If you use the robots.txt to block access to a directory or specific page for search engine crawlers, this page/directory will not be crawled or indexed. In certain cases, Google will show a page that is blocked through the robots.txt in the SERPs.
- Why do I find my page in the search results even though it is blocked through the robots.txt?
- When does a blocked page appear in the SERPs?
- Google is increasingly paying attention to user signals – an example
- How to definitively keep content from showing up on the search result pages
- Uncrawled URLs in search results
You can block the directory “a-directory” and the page “a-page.html” for webcrawlers with the following addition to the sites robots.txt:
User-agent: *
Disallow: /a-directory/
Disallow: /a-page.html
Why do I find my page in the search results even though it is blocked through the robots.txt?
In certain cases, Google will show a page that is blocked through the robots.txt in the SERPs (Search Engine Results Pages).
For these instances it is important to know that the crawler does respect the robots.txt and has not added the content of such blocked pages to their index. Google therefore has no information available when it comes to this page.
When does a blocked page appear in the SERPs?
If the blocked page has a lot of incoming links with a definitive link text, then Google may view the content of the page as relevant enough to show the URL that appears in these linktexts in the search results. The content of that URL, however, is still unknown to Google as they are unable to crawl or index the page.

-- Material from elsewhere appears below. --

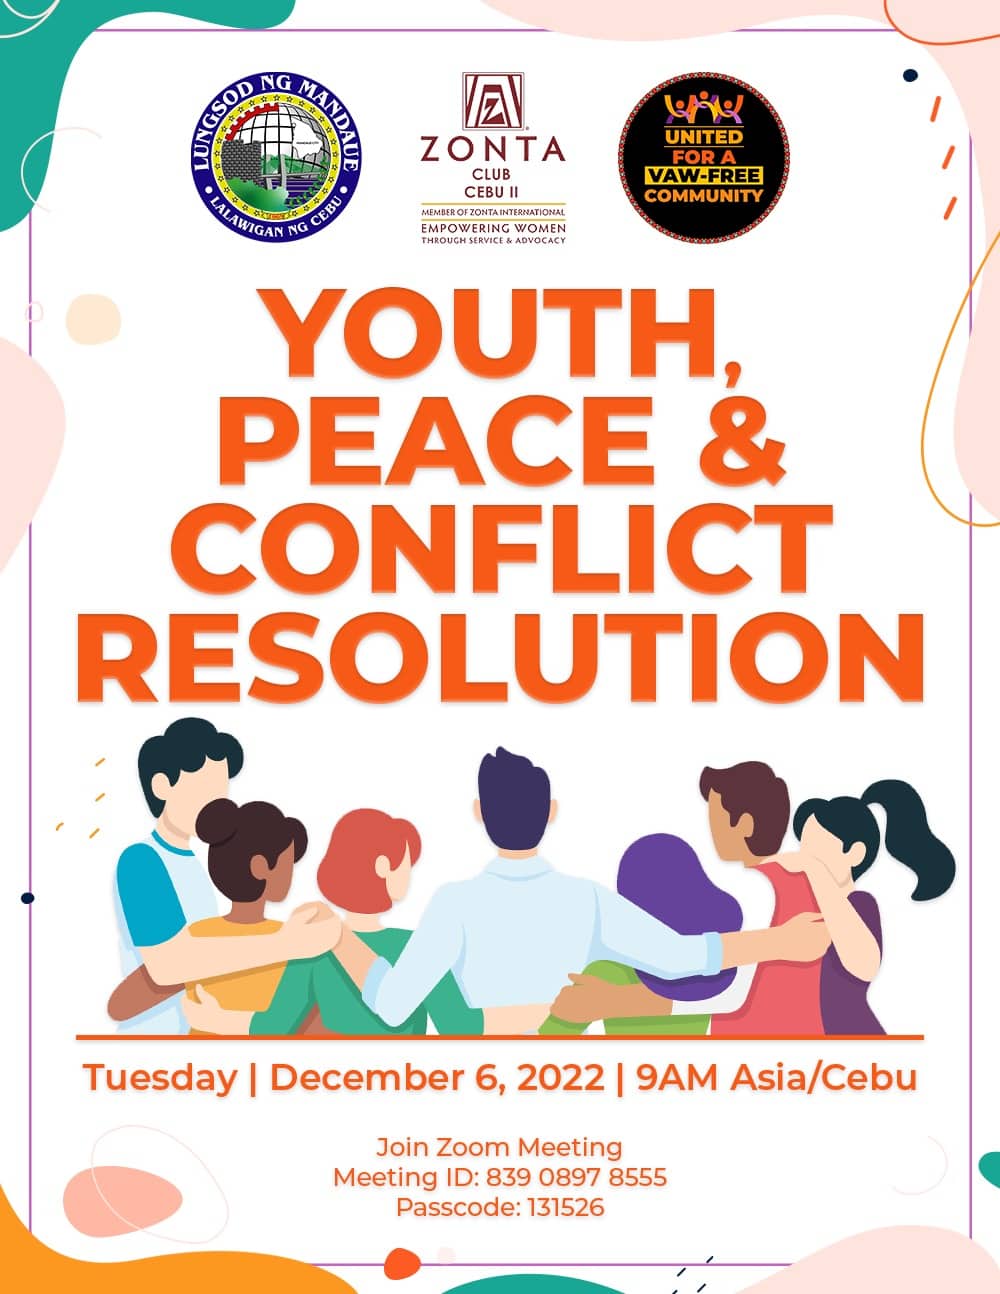 C:\Users\GCPI-ROBBY\Desktop\PRS\PR 1 - ZONTA 18 DAYS OF ACTIVISM\POSTER YOUTH PEACE & CONFLICT RESOLUTION.jpg

You can usually recognise pages within the SERPs that were blocked through the robots.txt from being crawled and indexed by a missing snippet (for example the description).
Google is increasingly paying attention to user signals – an example
We use the robots.txt to block access to our page http://www.domain.com/grandmas-cakerecipe.html. Google’s crawlers honour our request to not crawl and index the contents of the page. Google therefore has no idea what content is in the file grandmas-cakerecipe.html.
Let us say that this page contains a world class recipe and we get a lot of incoming links from other pages, many of with use the linktext “Grandma’s World Class Pie Recipe”. In such cases, our blocked page http://www.domain.com/grandmas-cakerecipe.html could appear in the search engine result pages (SERPs) for the query “Grandma’s World Class Pie Recipe” – despite us blocking crawlers through the robots.txt.
How to definitively keep content from showing up on the search result pages
The robots.txt is not guaranteed to keep your page out of the search results.
To make sure that a page will definitely be kept out of the search results, you should use the Meta-Element Robots with the value NOINDEX.